@Zai_org: https://x.com/Zai_org/status/2057216685040443743
Summary
This paper presents ZCube, a novel network architecture developed by Z.ai, Harnets.AI, and Tsinghua University to address topology-induced congestion in Prefill-Decode disaggregated LLM inference clusters. Production deployments on GLM-5.1 coding workloads achieved a 33% reduction in network CapEx, 15% throughput improvement, and 40.6% reduction in TTFT P99 latency.
View Cached Full Text
Cached at: 05/21/26, 01:36 PM
Next-generation LLM Inference Network: How ZCube Alleviates Network Bottlenecks?
LLM inference is reshaping AI infrastructure. The network used to be the least interesting part of an inference cluster. That isn’t true anymore. With long-context inference and Prefill-Decode disaggregation now standard, the network sits on the critical path of throughput, tail latency, and per-token serving cost.
To address the increasingly severe topology-induced congestion in Prefill-Decode disaggregated deployments, Z.ai, Harnets.AI, and Tsinghua University jointly developed and deployed the ZCube network architecture in an online production environment. The deployment shows that system-level innovation at the network architecture layer can unlock hardware potential in a highly cost-effective way.
In production benchmarking for the GLM-5.1 coding workload, ZCube delivered significant gains through architectural optimization alone:
-
Cost optimization: GPUs, the software stack, and applications remained unchanged, while switch and optical module CapEx was reduced by 33%.
-
Throughput improvement: Average GPU inference throughput increased by 15%.
-
Latency improvement: TTFT P99 was reduced by 40.6%.
The root cause of the congestion lies in the shift of inference traffic patterns. As PD disaggregation becomes mainstream, cross-node KV Cache transfers make inference traffic highly asymmetric, with dynamically changing sources, destinations, and traffic volumes. In traditional ROFT (Rail-Optimized Fat-Tree) architectures, static topology and port mappings can easily concentrate traffic on a limited set of switches and links, causing local hotspots, queue buildup, and PFC backpressure. This leads to a structural issue where aggregate bandwidth appears sufficient, yet localized congestion occurs frequently.
ZCube addresses this issue by using a fully flattened network topology together with a hybrid single-rail / multi-rail access design. At the network architecture layer, it decouples and distributes PD traffic across a broader path space, reducing the probability of topology-induced congestion at its source. This provides a more efficient networking foundation for next-generation hyperscale inference clusters.

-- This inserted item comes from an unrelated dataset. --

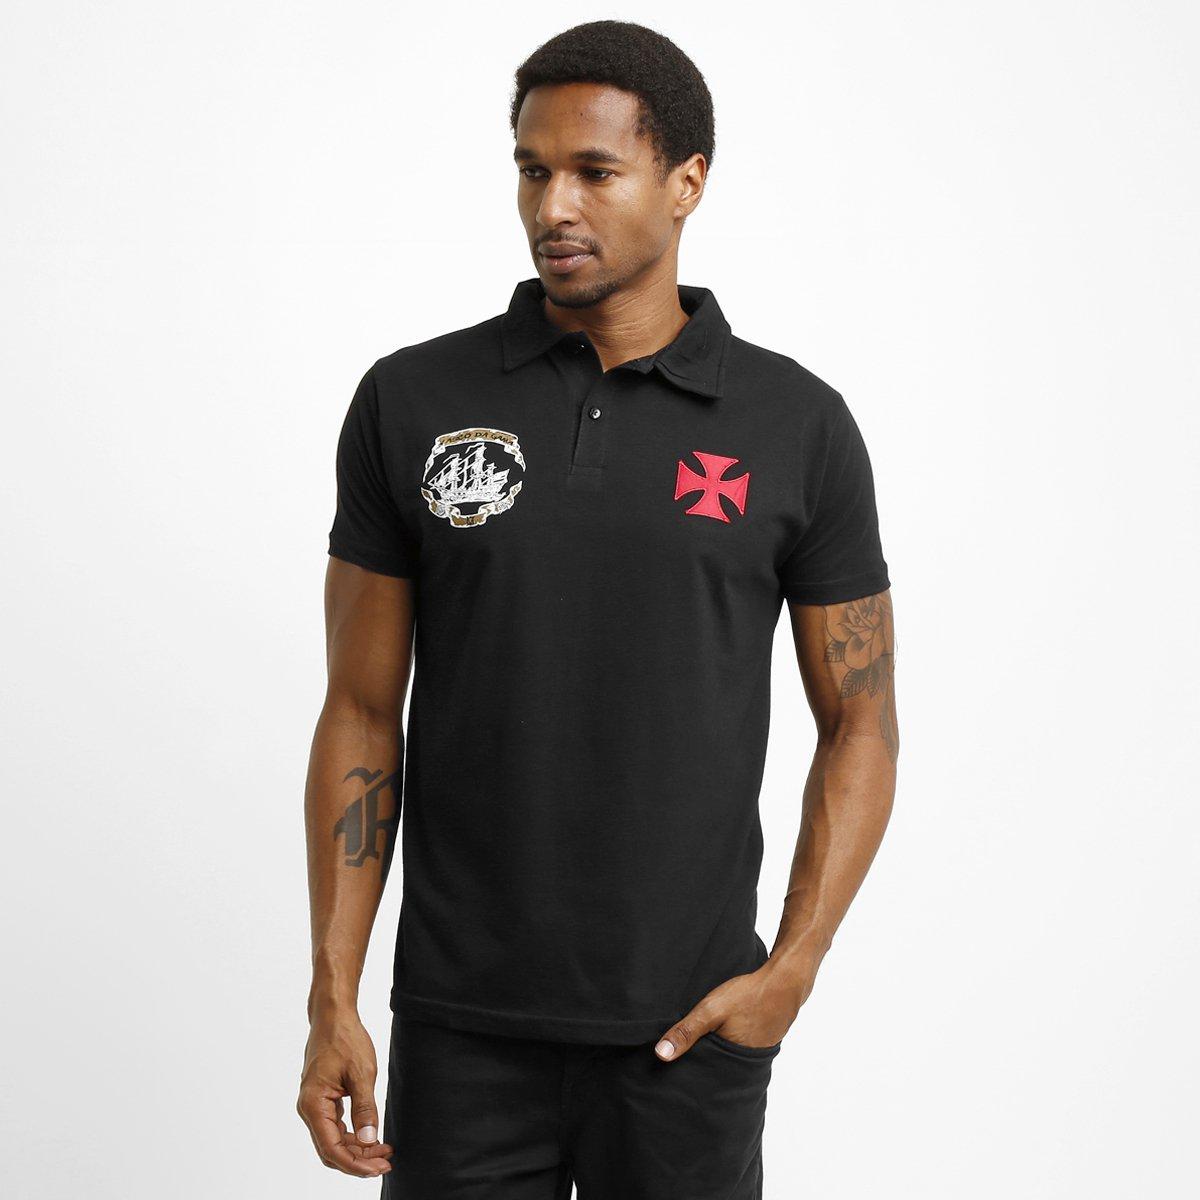 0213f079e03d3 Camisa Polo Vasco Cruz de Malta - Compre Agora

Figure 1: ZCube Effectively Avoids Topology-Induced Network Congestion Compared with ROFT
Figure 1: ZCube Effectively Avoids Topology-Induced Network Congestion Compared with ROFT
Network Becoming a Bottleneck for Effective Inference
When thousands of GPUs serve online inference requests concurrently, every KV Cache transfer and every data synchronization operation traverses the inter-GPU network. As long-context inference and Prefill-Decode disaggregated inference gradually become mainstream, data exchange between Prefill and Decode nodes continues to grow. Network bandwidth, and more importantly the ability to use it effectively, has begun to affect cluster-level throughput and latency directly.
To quantify the impact of networking on inference performance, we first conducted an ablation study on a 512-GPU cluster. We kept GPU compute, the software stack, the model, and application logic unchanged, and only adjusted the available NIC bandwidth cap. We then measured changes in overall cluster throughput and Time to First Token (TTFT).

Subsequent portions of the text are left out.